What’s behind this sudden shift? The precise calculus remains murky. President Trump offered little in the way of a detailed rationale, sidestepping questions about the intense lobbying efforts by Nvidia’s Jensen Huang, who has become a frequent visitor to the White House. Nor did Trump address the role of his own artificial intelligence chief, David Sacks, who reportedly championed the argument for drawing China into the American tech ecosystem.

However, Trump did reveal one major condition of the deal: “25 percent of all the revenues from the sales would go to the United States.” This revenue-sharing arrangement, unprecedented in the history of American tech exports, adds a financial incentive to what is already a geopolitically charged decision. The administration’s hope, it seems, is to secure both economic and strategic benefits—ensuring that U.S. companies profit handsomely while maintaining some measure of control over China’s technological ascent.

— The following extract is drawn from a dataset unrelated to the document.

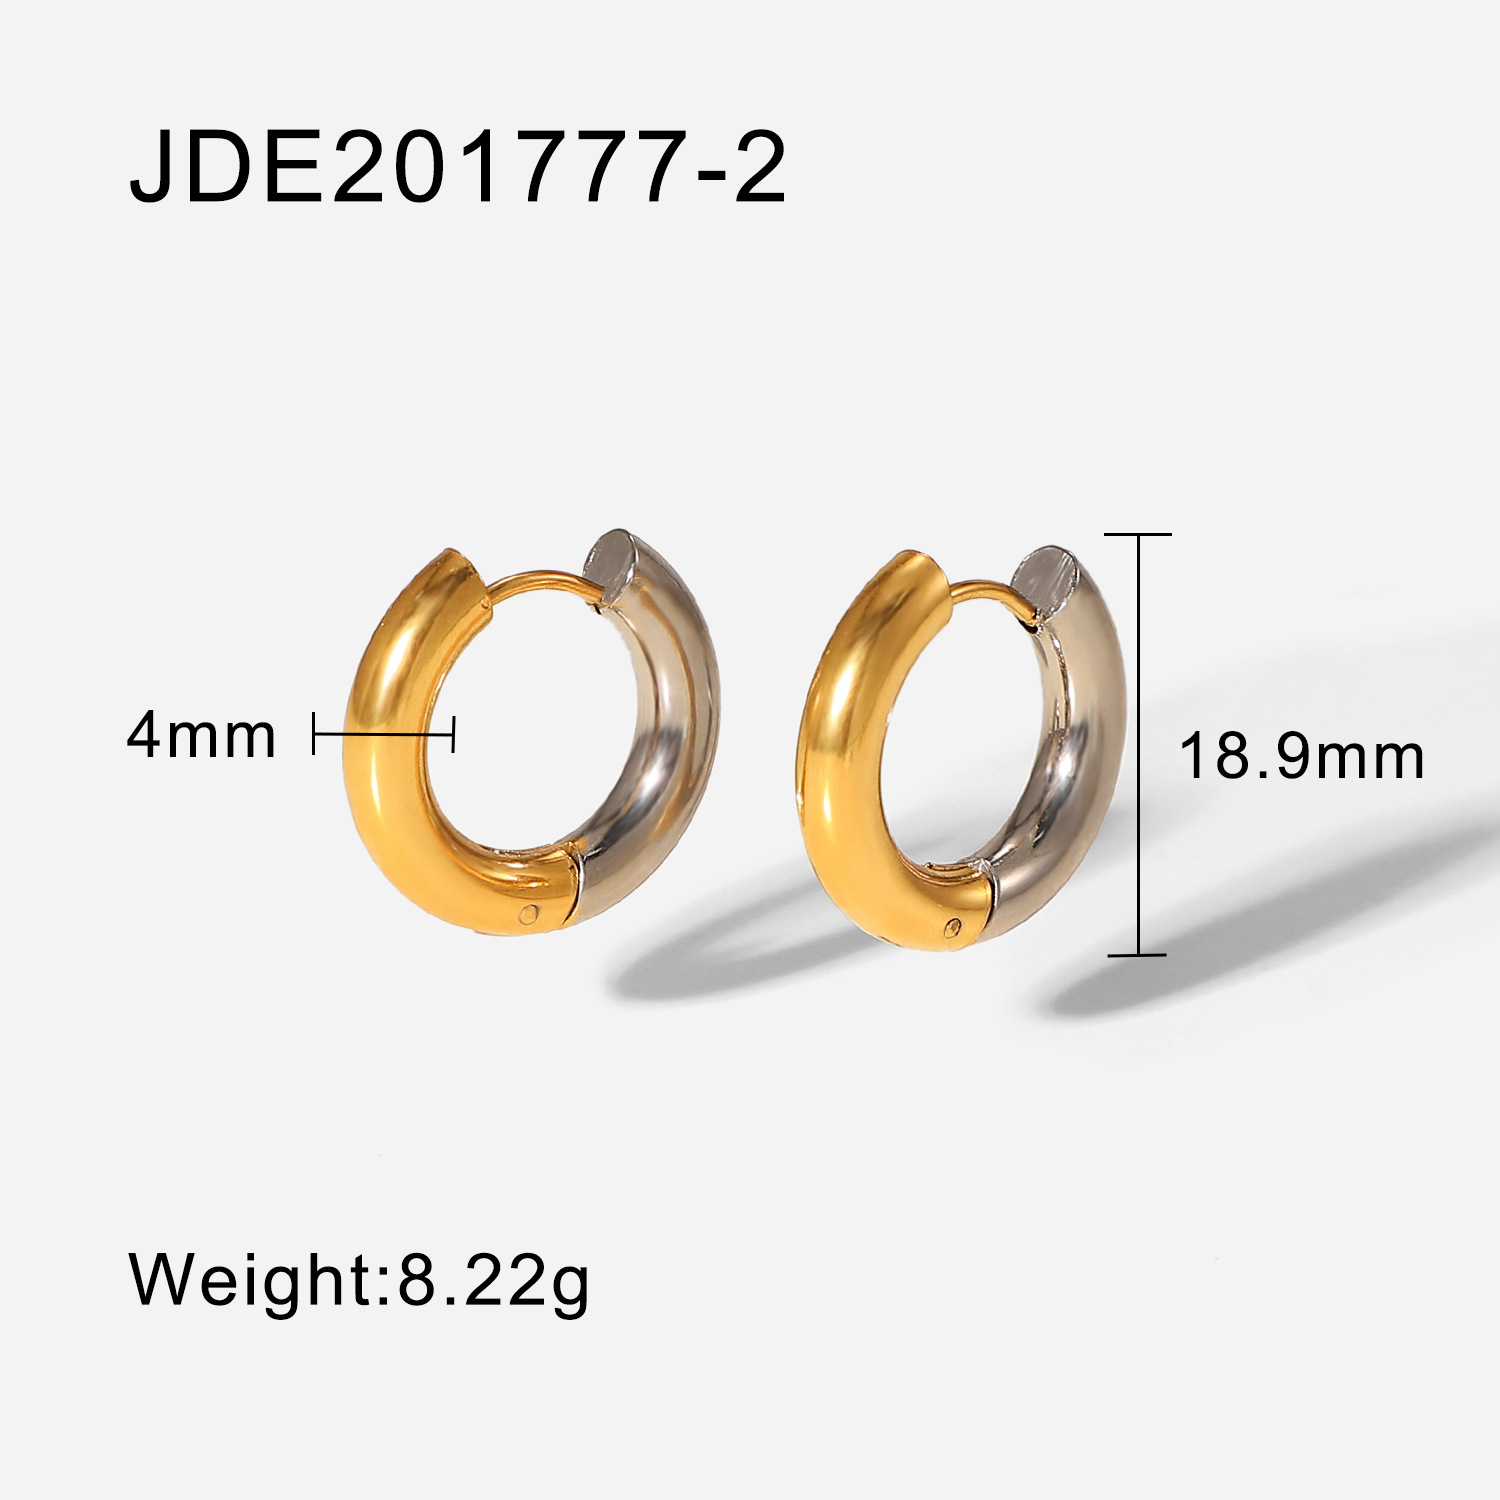 2:JDE201777-2

Not everyone is convinced this is the right path. National security hawks, both inside and outside the administration, have warned that easing restrictions could undermine U.S. advantages in AI and other critical technologies. For decades, the argument has been that advanced chips are as much a national security asset as they are a commercial product. By loosening the reins, critics fear, the United States may be handing China the keys to the next era of technological competition.

Yet, proponents of the new policy counter that the old rules are increasingly unworkable in a hyper-connected world. As global supply chains grow ever more complex and China invests heavily in its own semiconductor industry, some experts argue that trying to wall off American technology is a losing battle. By making Chinese companies reliant on U.S. hardware and software, the United States could retain leverage, influence, and access to valuable revenue streams.

It’s a high-stakes gamble, to be sure. The H200 chip is not just another piece of silicon—it’s a gateway to the kind of computing power that underpins modern AI. According to Bloomberg, this decision “marks more than just a shift in US tech policy. It also raises questions about how far he’ll go to steady ties with Xi Jinping.” The move comes at a time when U.S.-China relations are fraught, with tensions running high over trade, security, and the future of global technology standards.

For Nvidia, the outcome is a clear victory. The company, already riding a wave of historic growth, now stands to gain even more from access to the world’s second-largest economy. For Chinese tech firms, the floodgates of innovation may have just opened a little wider. And for the United States, the decision represents a bold—some would say risky—bet on the power of engagement over isolation.

As the dust settles, the world will be watching to see whether this new approach pays off. Will China’s dependence on American chips translate into lasting influence for the United States? Or will the move simply accelerate the rise of a formidable competitor? The answers may not come quickly, but one thing is clear: the era of blanket technology bans is over, and the race for artificial intelligence dominance just got a lot more interesting.